Document Type : Original Article
BIOLOGY DEPARTMENT, DAMGHAN UNIVERSITY OF BASIC SCIENCES, DAMGHAN, IRAN
Objective: Two types of stem cells can be found in the bone marrow: hematopoietic stem cells and marrow stromal cells (MSCs). If it were possible to induce the differentiation of bone marrow stromal cells into neural cells in vitro and subsequently transplant them into the brain this might help repair lesions observed in some neurodegenerative disorders such as Parkinson’s disease (PD).
Materials and Methods: In this study cultured MSCs were incubated in serum free medium containing 10-8 M selegiline for 24 hours and cells were cultured for another 48 hours in α minimal essential medium (α-MEM) containing 20% fetal bovine serum (FBS). We immunostained selegiline-treated cells for neuronal markers such as NF-200 and TH.

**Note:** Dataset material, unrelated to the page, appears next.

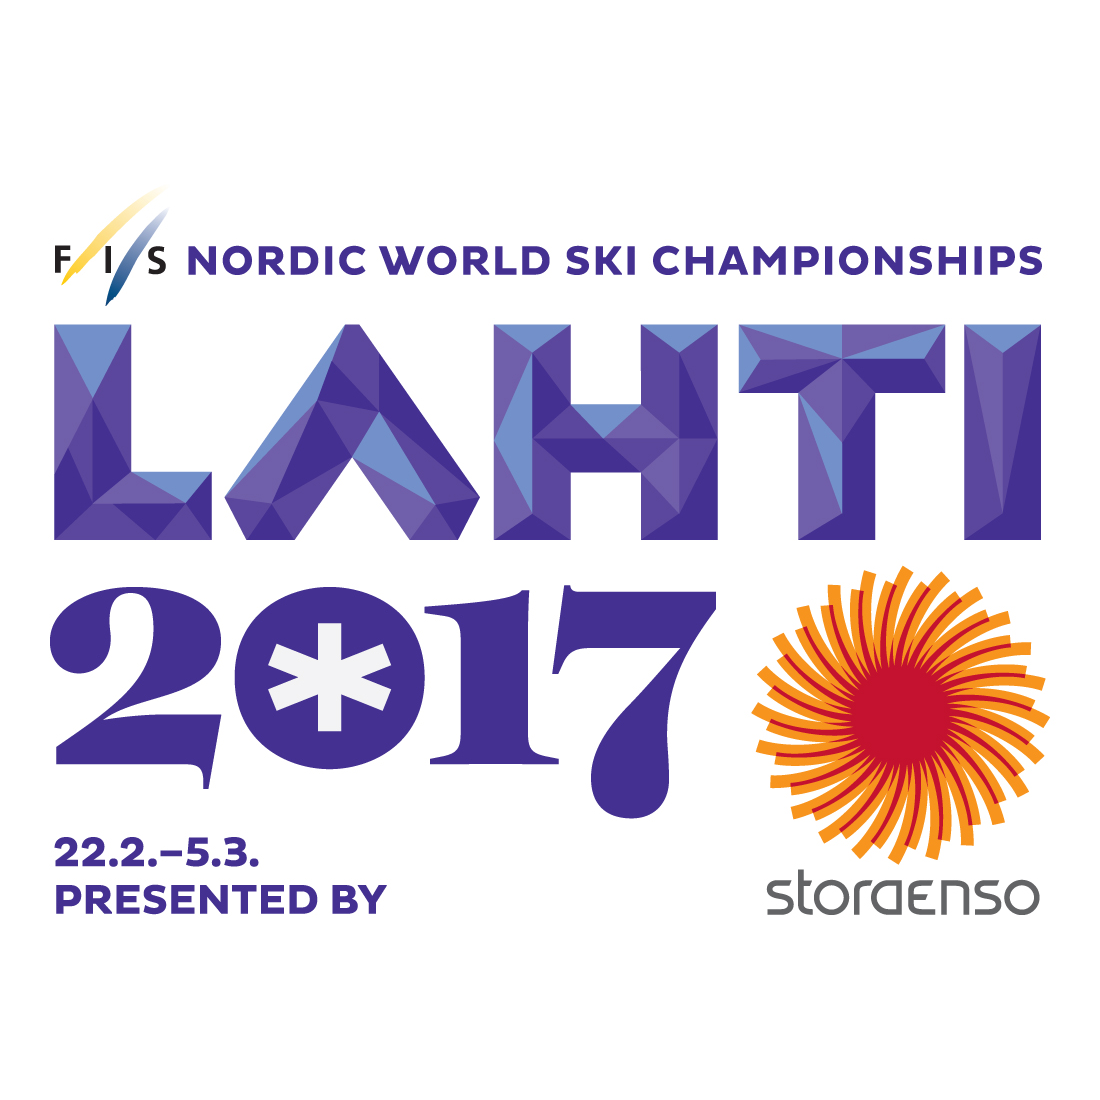 2017 FIS Nordic World Ski Championships

Results: Cell counting results indicated that Selegiline at doses of 10-6 10-7 and 10-8 M in comparison to other doses increased the mean percent of viable cells. The most effective dose of Selegiline for differentiation of bone marrow stromal cells (BMSCs) was 10-8 M. Molecular study indicated that the expression BDNF GDNF NGF NT3 NT4/5 genes was increased in Selegiline-treated cells in comparison to non-treated group.
Conclusion: BMSCs can be directed to a neural fate in vitro and can be considered as a cell source in neurological disorders for autograft therapy.